The data START

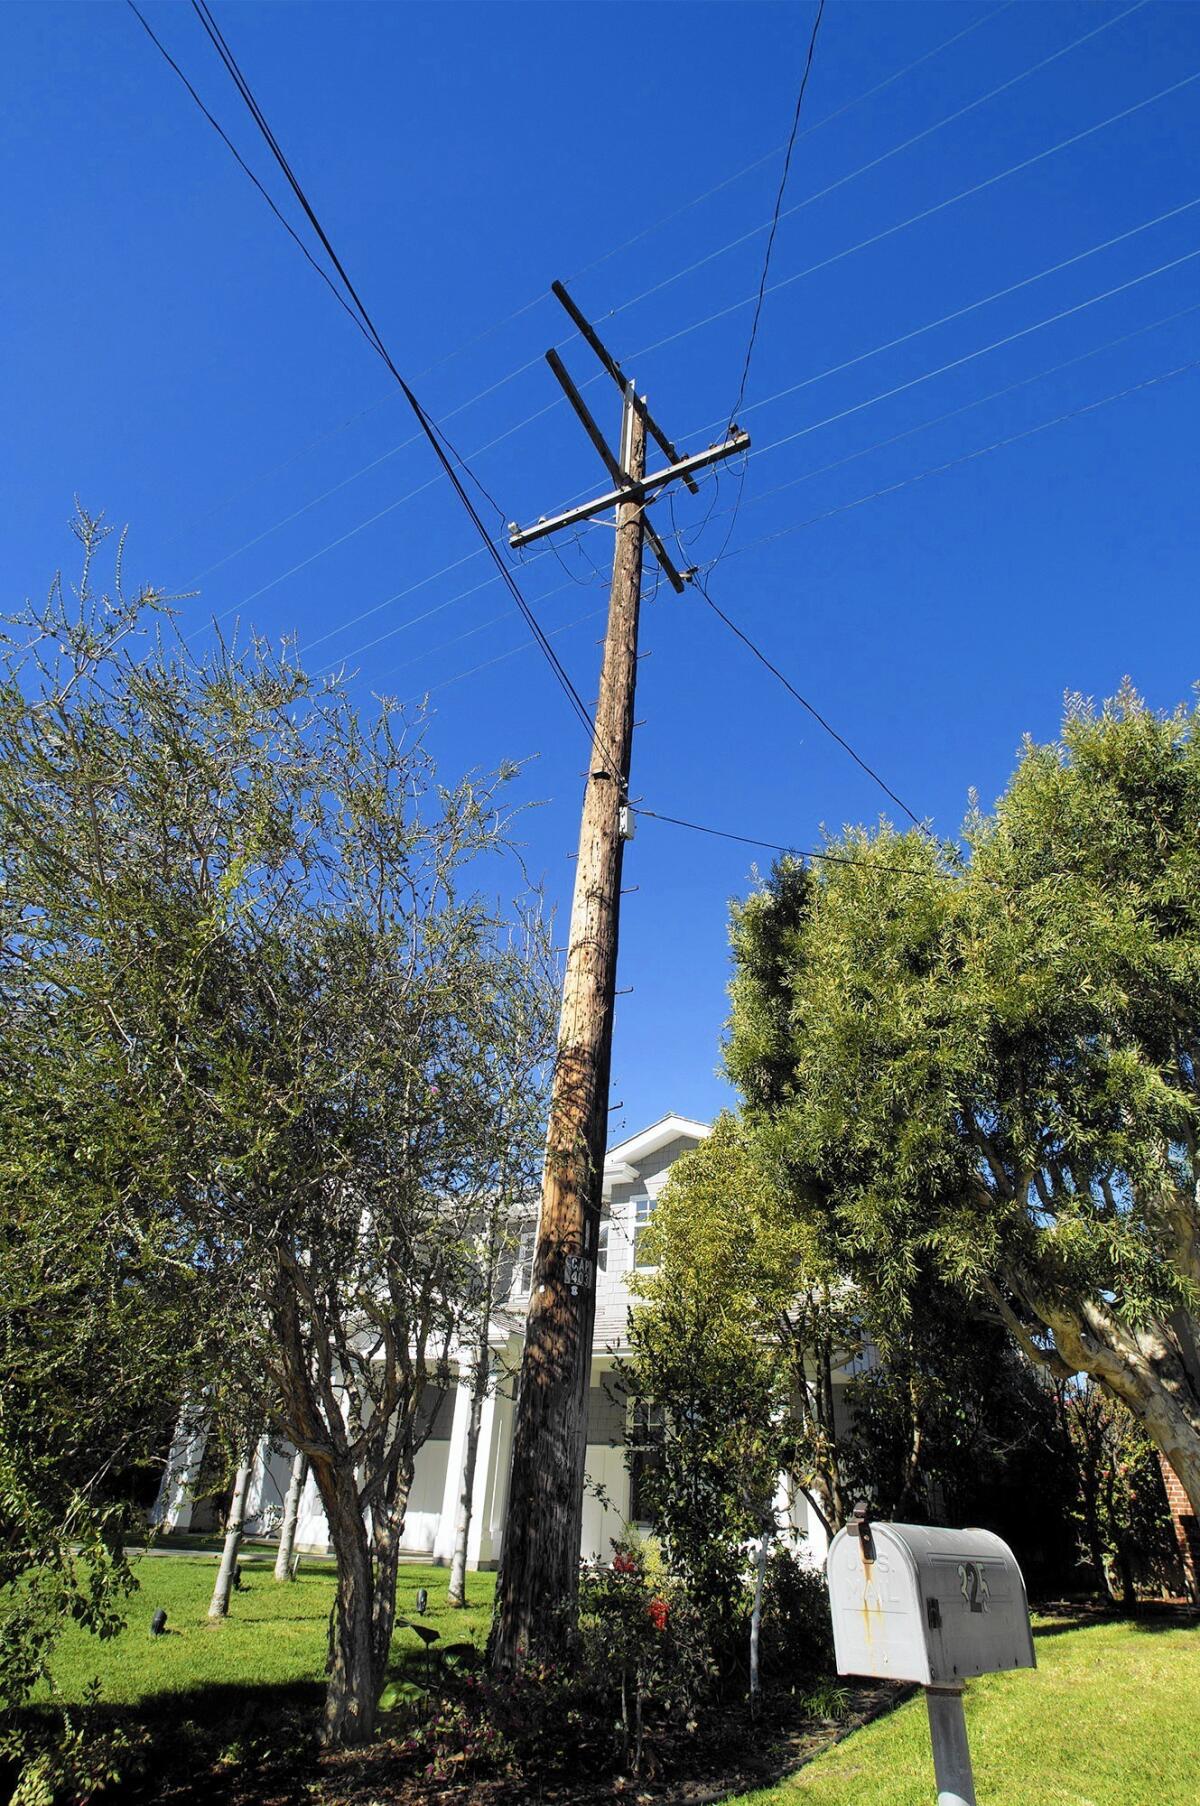 A vote of homeowners in Newport Heights on whether to place utility lines underground could happen in October after the Newport Beach City Council cleared the way Tuesday.
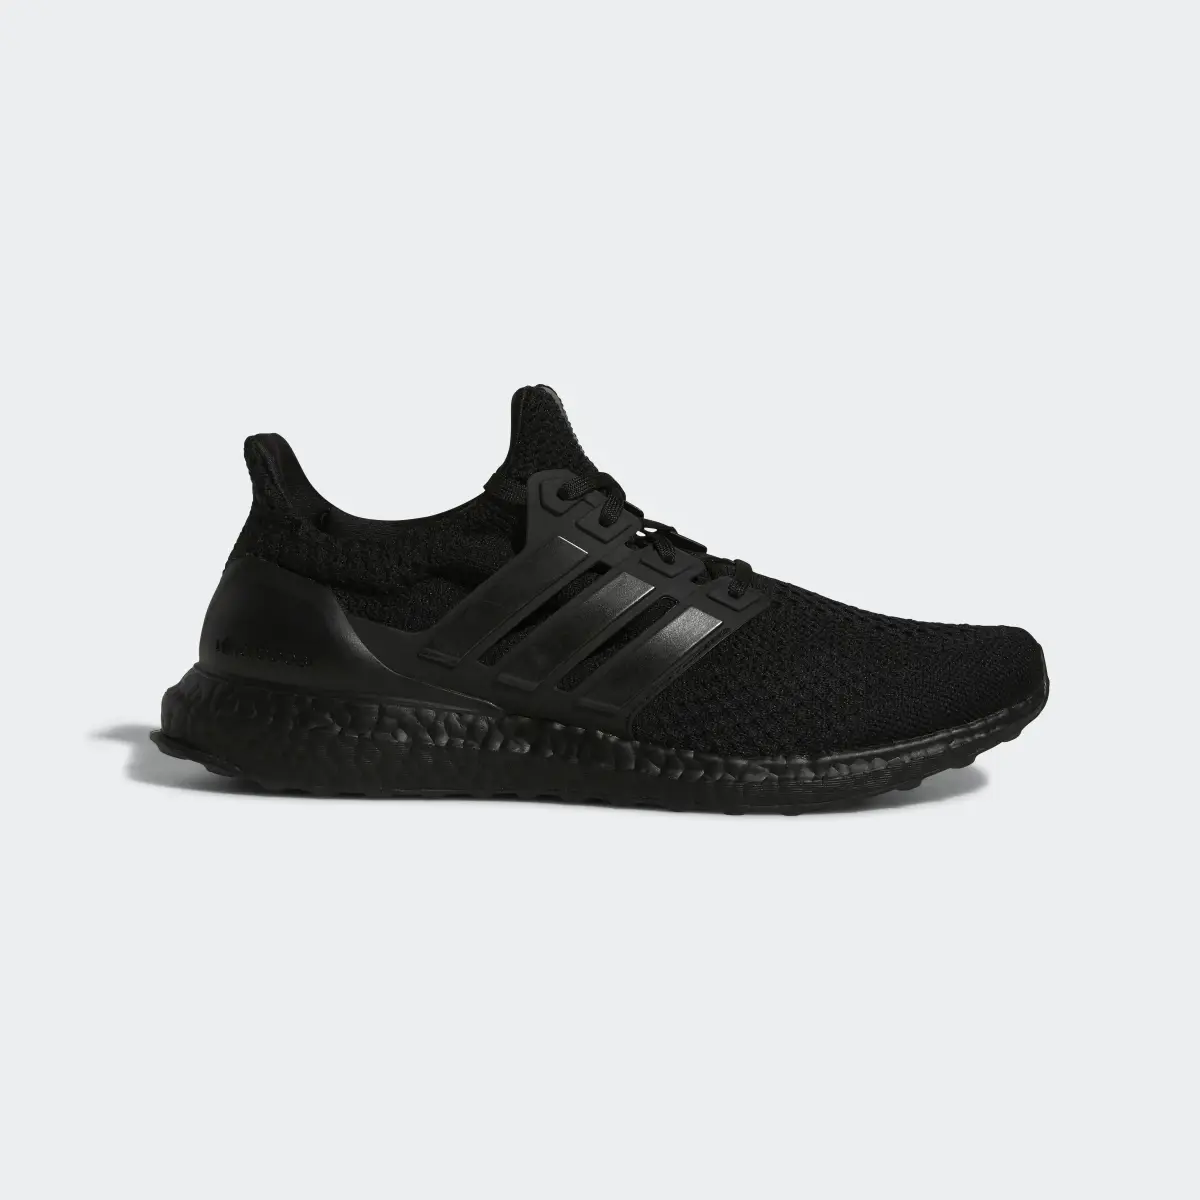 Adidas Ultraboost 5 DNA Running Lifestyle Shoes. 2
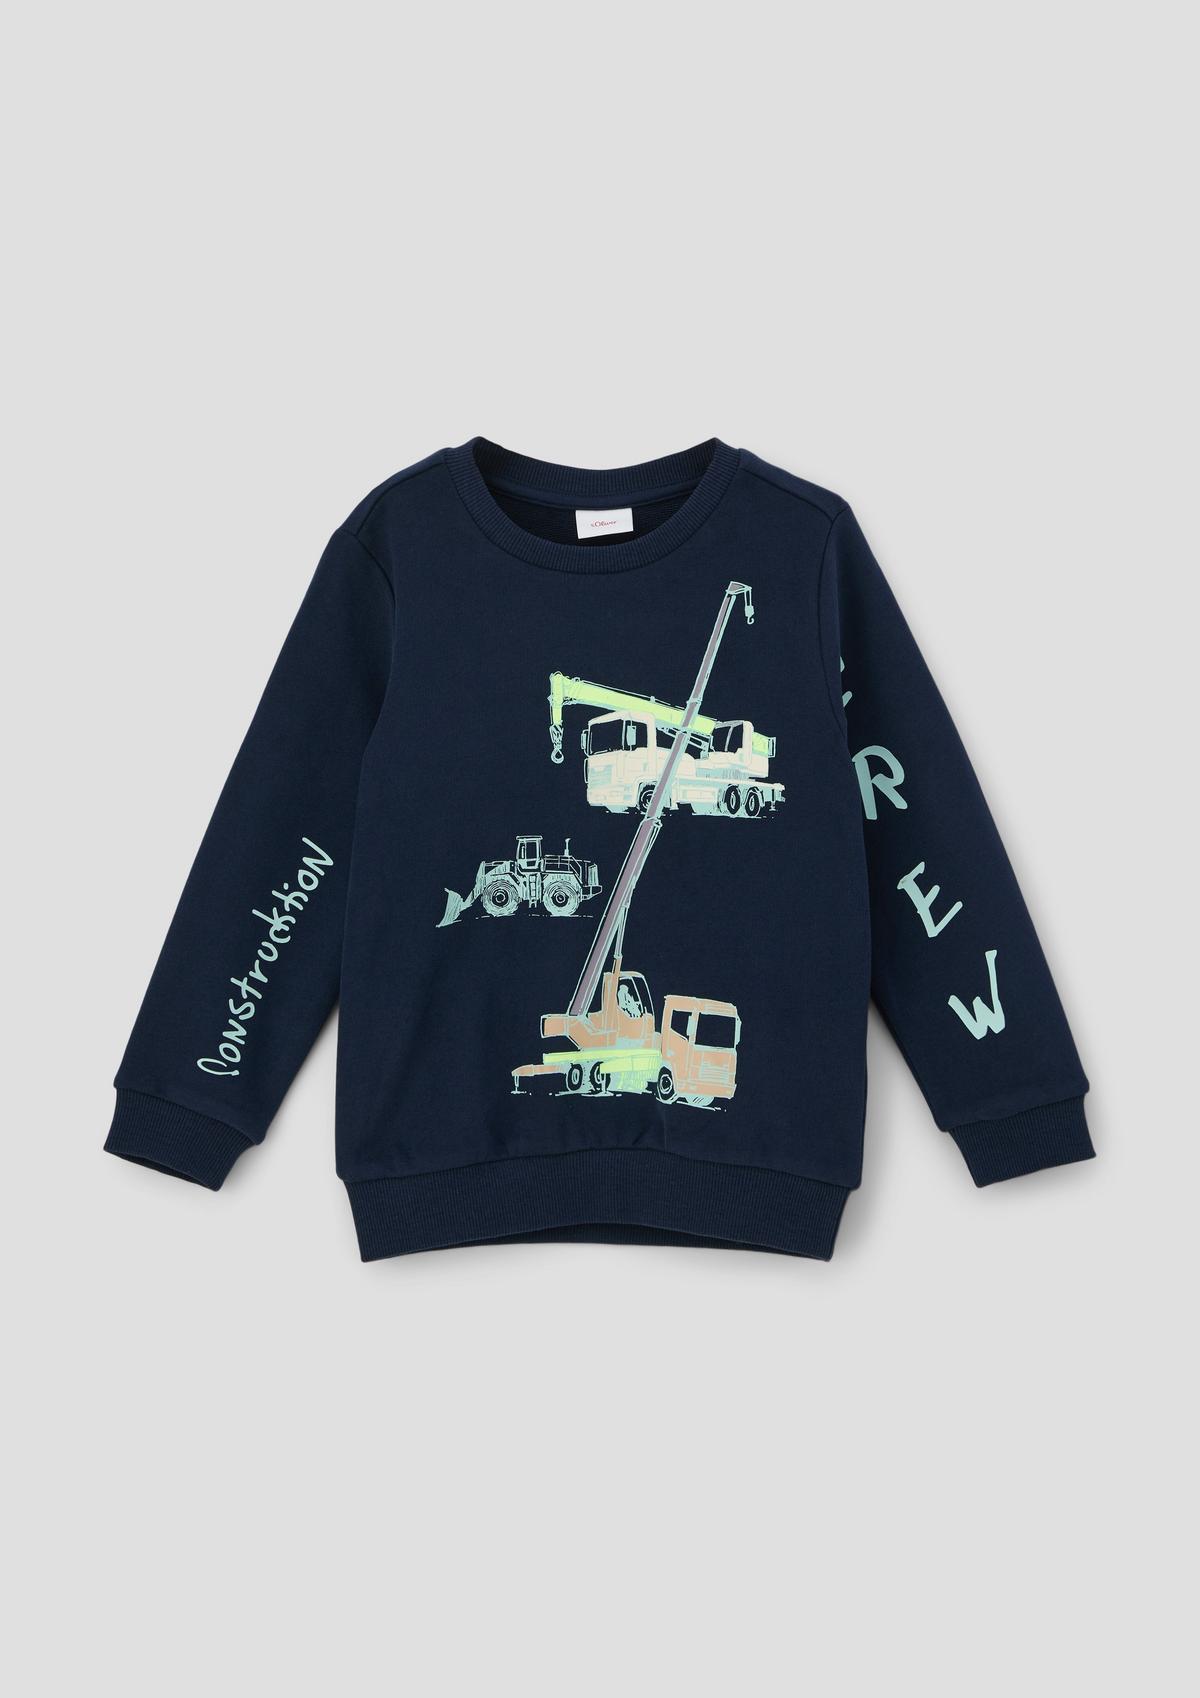 online Sweatshirts boys knitwear and for

The data END

Your instructions
Take every line of the material and copy it exactly, leaving out the pictures.

Solved exercise
 A vote of homeowners in Newport Heights on whether to place utility lines underground could happen in October after the Newport Beach City Council cleared the way Tuesday.
 Adidas Ultraboost 5 DNA Running Lifestyle Shoes. 2
 online Sweatshirts boys knitwear and for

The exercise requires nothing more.